Cela signifie également reconnaître que les efforts de médiation actuels ne peuvent aboutir sans un rééquilibrage des forces régionales.
Ce n'est pas une option facile, mais c'est celle qui offre les meilleures perspectives pour une paix durable. Cependant, rares sont les acteurs régionaux ou multilatéraux qui ont envie – ou la volonté politique – de s'engager militairement dans une région aussi complexe et instable, en particulier contre l'une des puissances militaires les plus expérimentées d'Afrique.

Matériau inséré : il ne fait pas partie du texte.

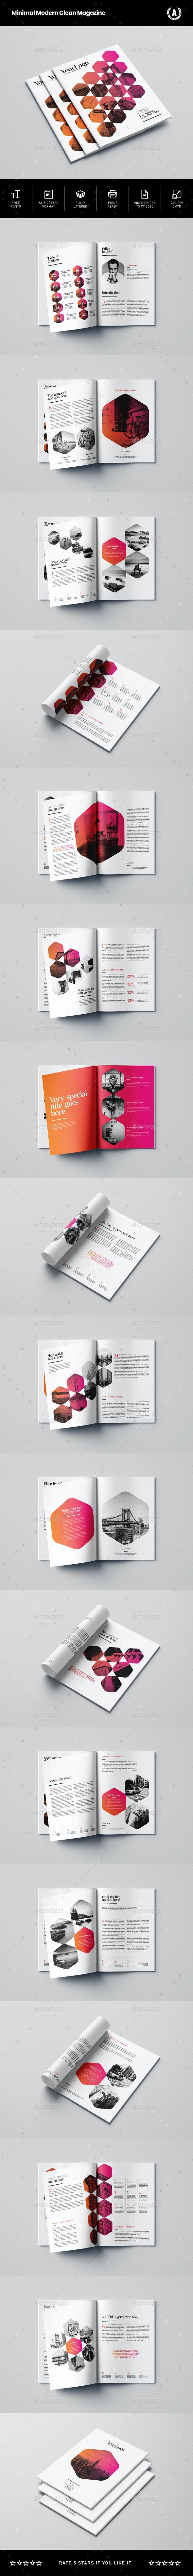 Minimal Modern Clean Magazine - Magazines Print Templates
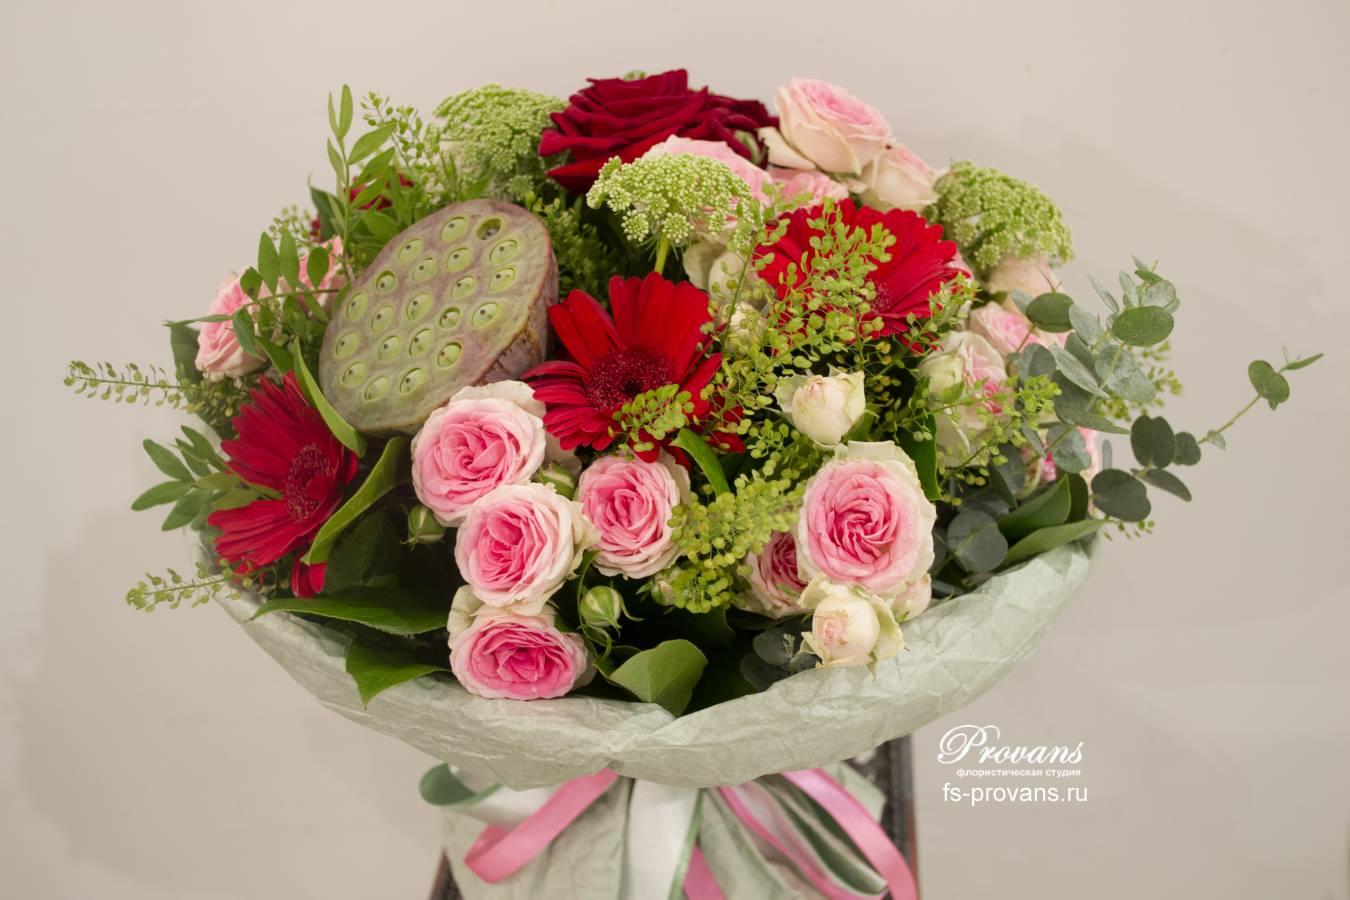 Фото цветов для марии

Et pourtant, sans un tel changement, les processus de paix en cours resteront déconnectés de la dynamique militaire, et l'est de la RDC risque de se fragmenter durablement.
En effet, la RDC perd déjà le contrôle de son territoire de manière effrénée et non coordonnée. Alors que les forces soutenues par le Rwanda s'installent dans le Nord-Kivu et le Sud-Kivu, les troupes ougandaises ont étendu leur présence dans le « Grand Nord » et en Ituri. Cette expansion, officiellement approuvée lors de la visite du chef de la défense ougandais, le général Muhoozi Kainerugaba, à Kinshasa fin juin, s'est déroulée sans notification préalable.
Dans le même temps, le Burundi a intensifié son engagement militaire dans le Sud-Kivu afin de freiner l'avancée du M23 et de ses alliés banyamulenge, les Twirwaneho, alliés au groupe armé burundais Résistance pour un État de droit au Burundi (RED Tabara).
Bien que le Rwanda, l'Ouganda et le Burundi ne soient pas actuellement alignés, la situation ressemble de plus en plus à celle de la fin des années 1990, lorsque les interventions non sollicitées des États voisins ont entraîné une balkanisation effective de l'État congolais. Seules les interventions du Zimbabwe, de l'Angola, de la Namibie, du Tchad et du Soudan ont permis de rééquilibrer la dynamique militaire, ouvrant la voie à l’accord de Lusaka en 1999 et à l'accord de Sun City en 2002.
La diplomatie sans moyen de pression ne suffit pas. La communauté internationale doit tirer les leçons de l'histoire récente et adapter son approche, en associant le dialogue à la dissuasion, les paroles à la force, et les processus de paix à des mécanismes d'application. Toute autre approche risque de renforcer le statu quo et de permettre la destruction silencieuse de la souveraineté congolaise, province après province.